■ **Work required**: Copy out each line below verbatim, skipping any picture.

■ **Collected data**:
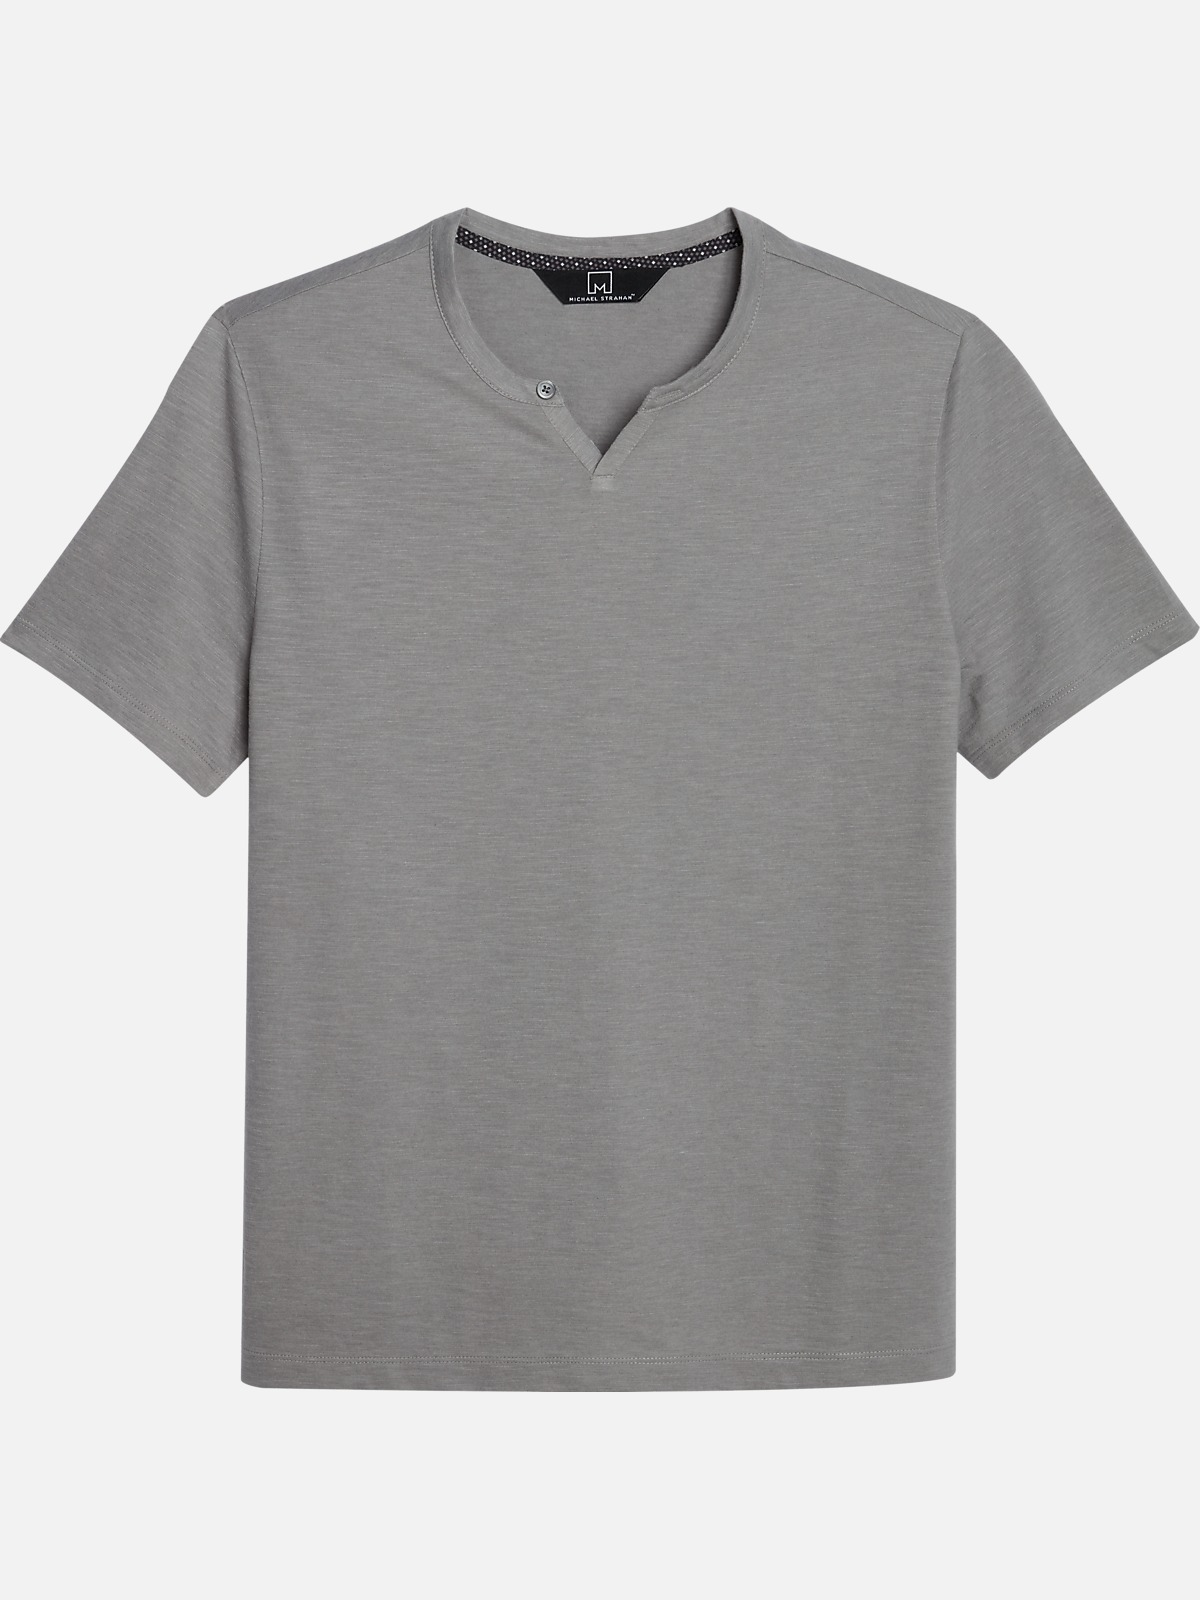 Michael Strahan Modern Fit Split V Neck T Shirt All Clearance 3999 Mens Wearhouse 
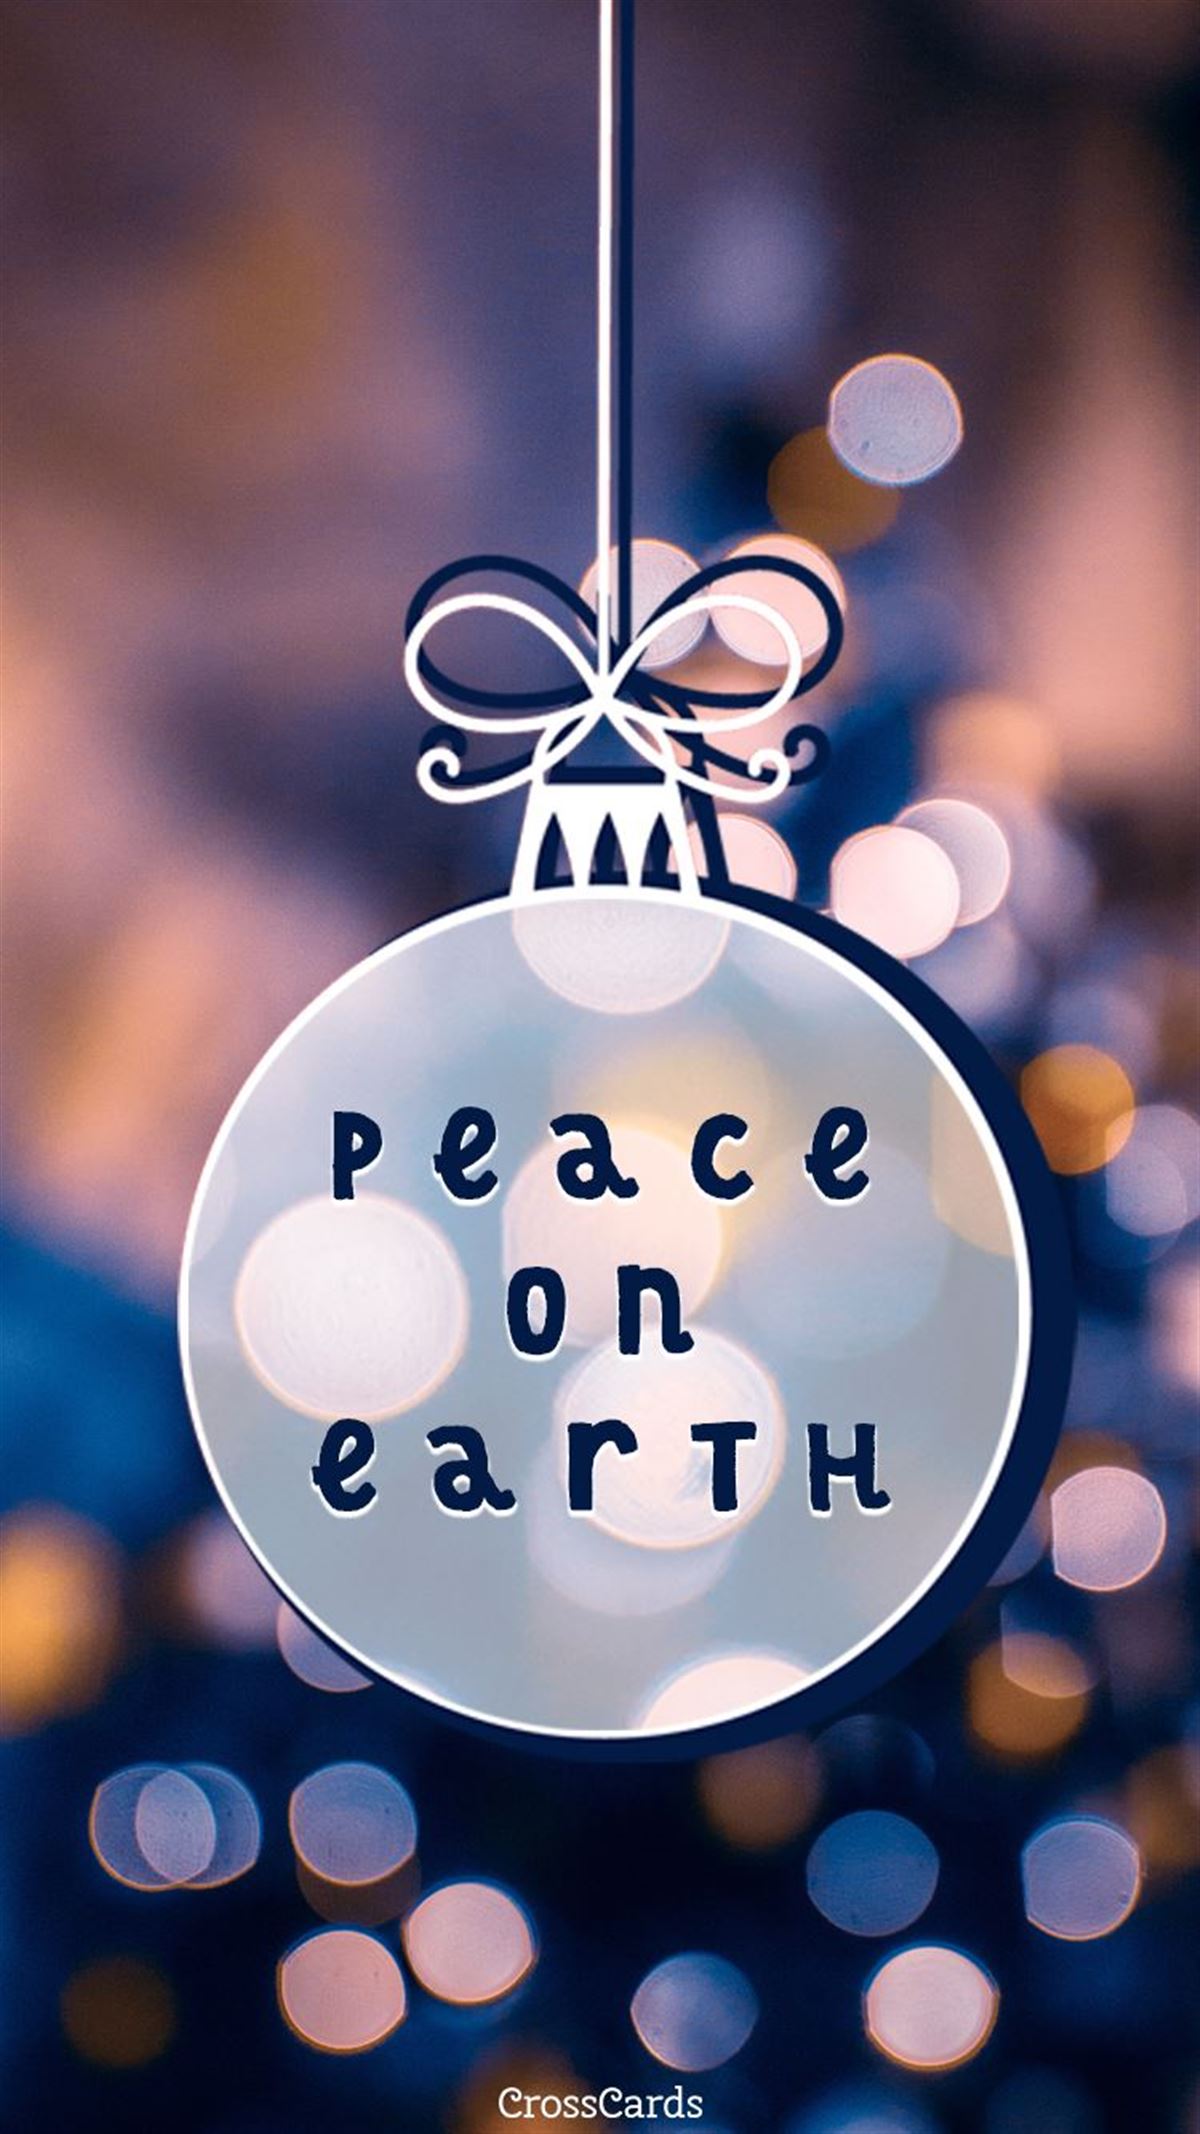 Peace on Earth mobile phone wallpaper
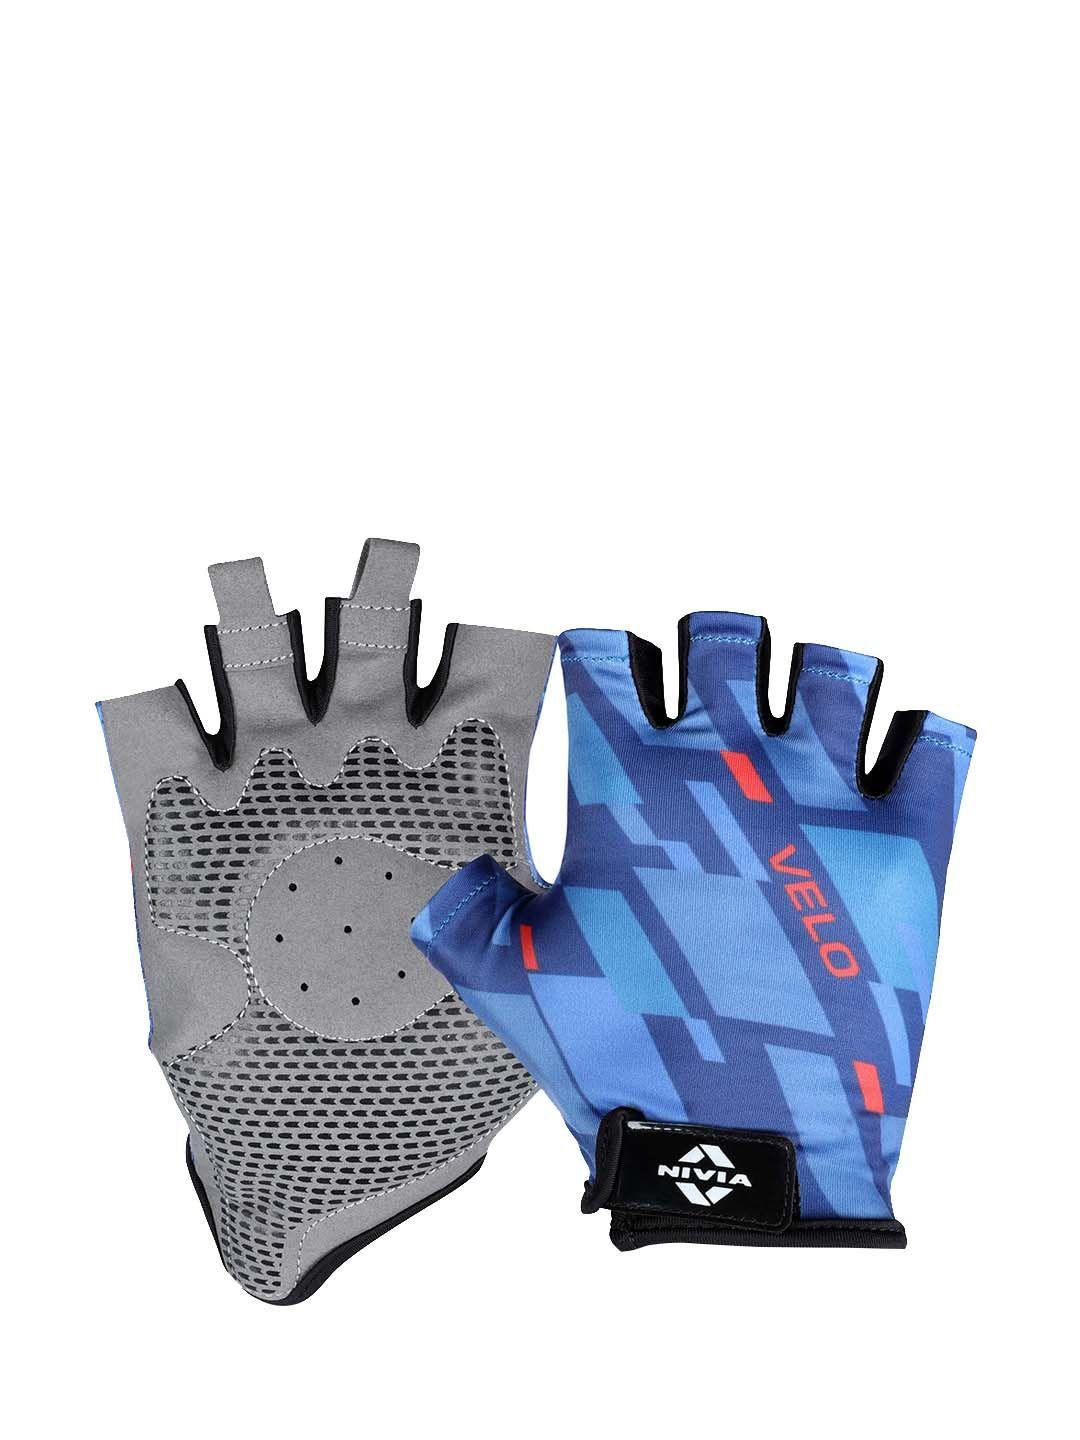 nivia unisex blue printed half finger anti-slip gloves

■ **Written reply**:
 Michael Strahan Modern Fit Split V Neck T Shirt All Clearance 3999 Mens Wearhouse 
 Peace on Earth mobile phone wallpaper
 nivia unisex blue printed half finger anti-slip gloves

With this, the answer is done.